Wasem also says: “Those affected can usually negotiate that the rest contribution is subsequently requested, which is 65 euros per month.” In other words: apply for a reduction.

Thuringia with a showcase project

Anyone who needs medical help but is not insured can also approach individual clubs and institutions. In Thuringia, for example, those affected can contact the “Anonymous Health Insurance Scheme”.

“There will always be people who fall out of a system. And we believe that access to medical care is a state task,” said coordinator Carola Wlodarski-Simsek in 2021 on “Deutschlandfunk Kultur”.
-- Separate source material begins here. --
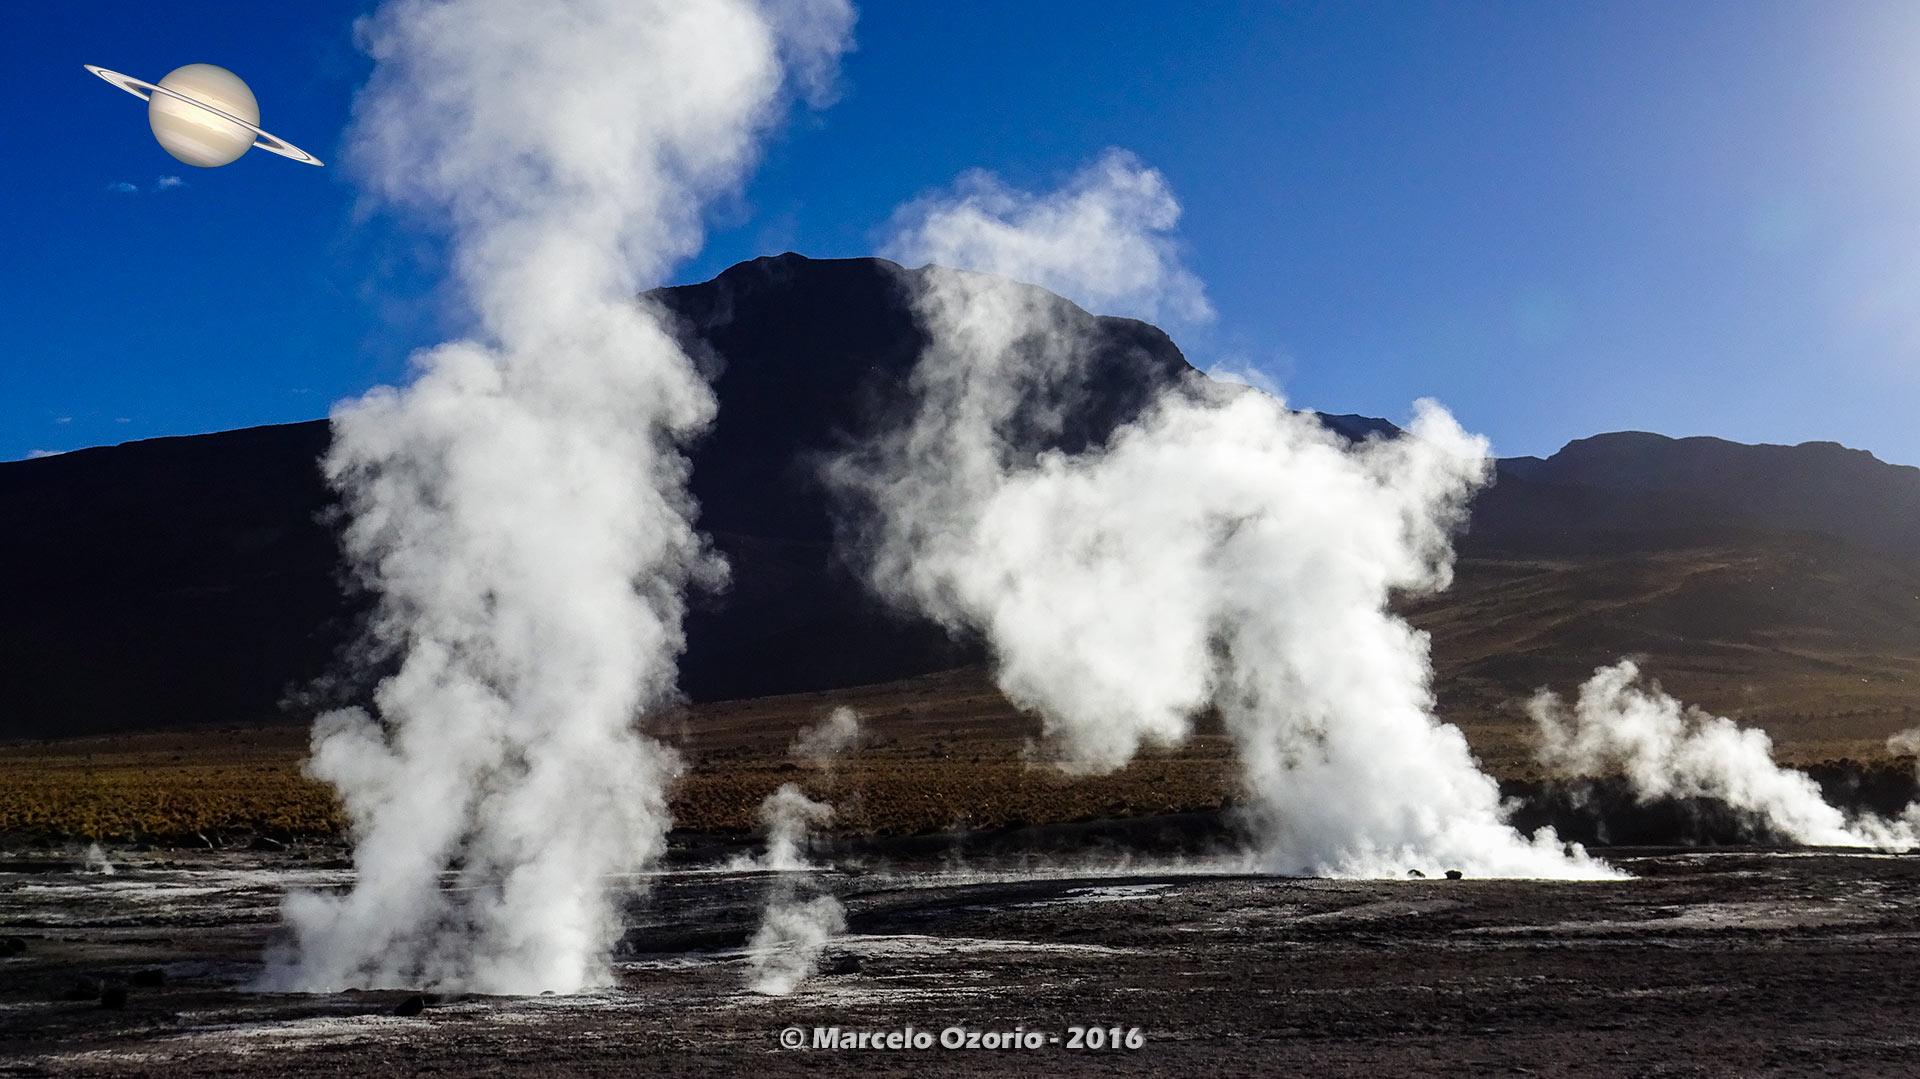 el tatio geysers atacama desert 25 - Os Surreais Gêiseres El Tatio - Deserto do Atacama - Chile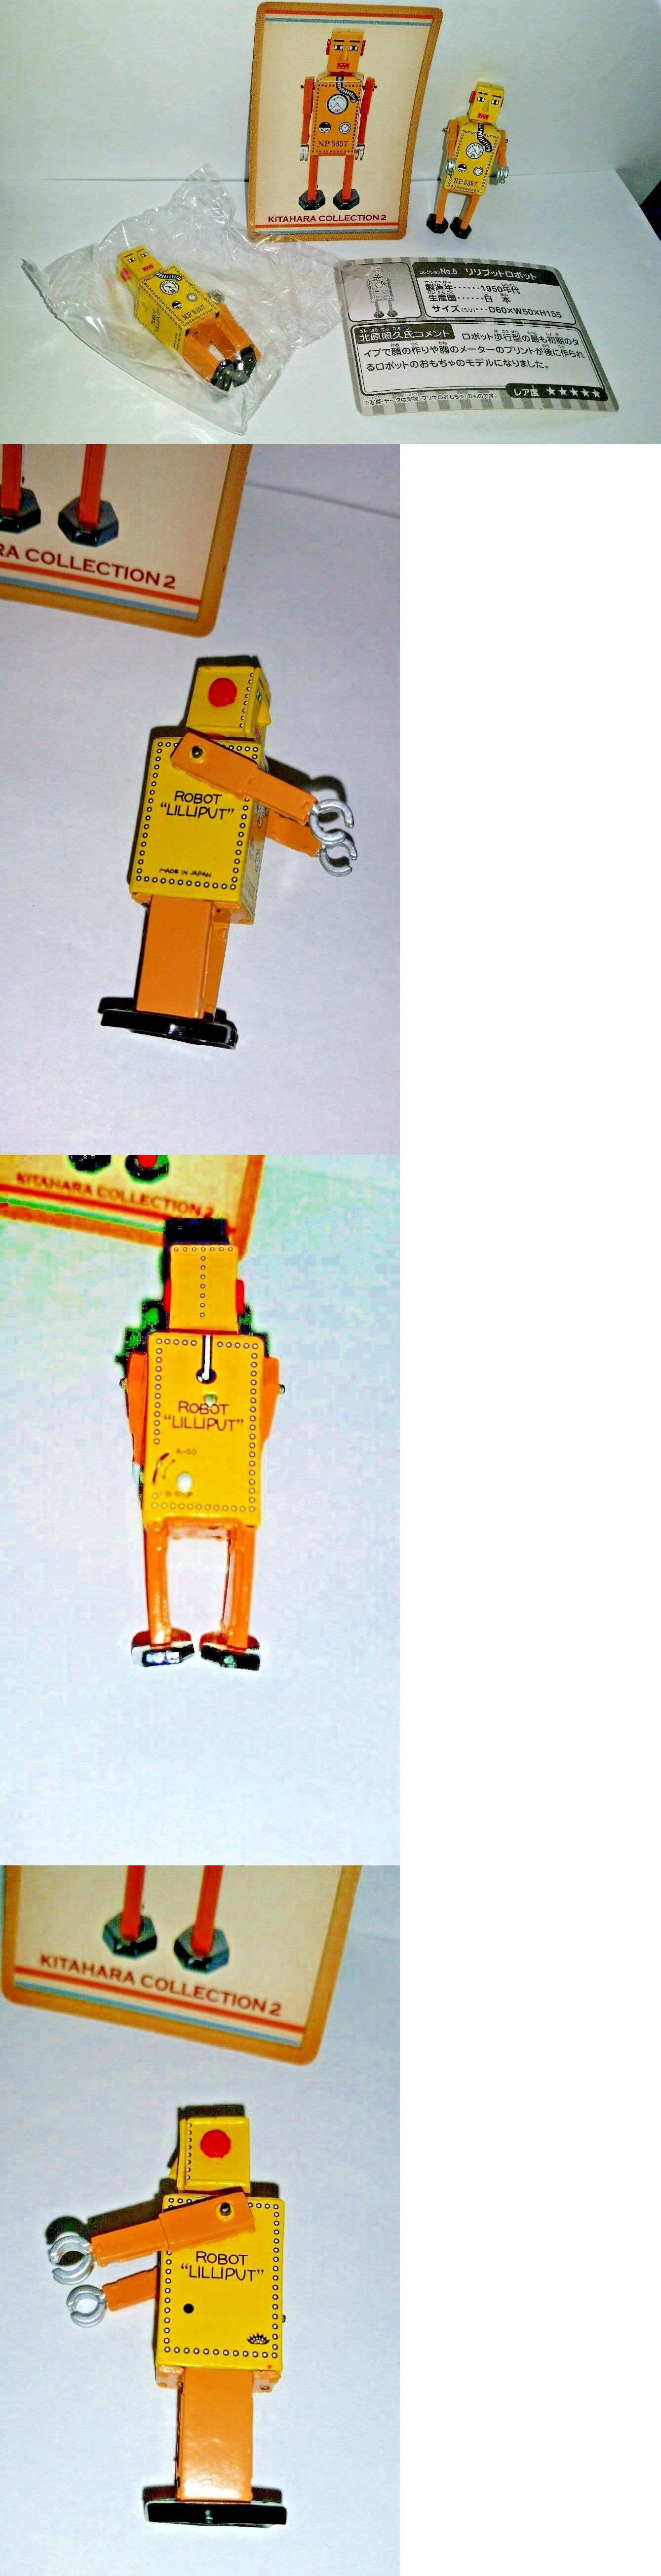 "LILLIPUT ROBOT #5 in /""Kitahara Collection 2/"" Mini VINYL replica Bandai 2003"

The “anonymous health insurance certificate” is intended to help lead people back to health insurance. Or, if that is not possible, provide them with medical treatment options.

Malteser want to return people to health insurance

There are similar projects all over Germany. The Malteser Medizin München (MMM), for example, offers “basic medical care”, said Eberhard Köhl of the “Süddeutsche Zeitung”.

The doctor is one of around 50 volunteers at MMM, he runs a consultation for people without health insurance. The Malteser carried out a total of 1100 treatments last year.

In order to bring those affected back to health insurance, the facility works together with the Condrobs health clearing house. Sometimes, but not always, such a return succeeds.

Nevertheless, the number of uninsured Germans has increased in recent years, say the Malteser. Andreas Fink, who deliberately forgoes health insurance, finds that he simply “has to take care of himself”. “I call it personal risk,” he says, “and that’s why the Americans haven’t died out yet.”

Health insurance is not compulsory in the USA. Many working-age Americans are uninsured, with 28.9 million in 2020, according to the “Ärzte-Zeitung”.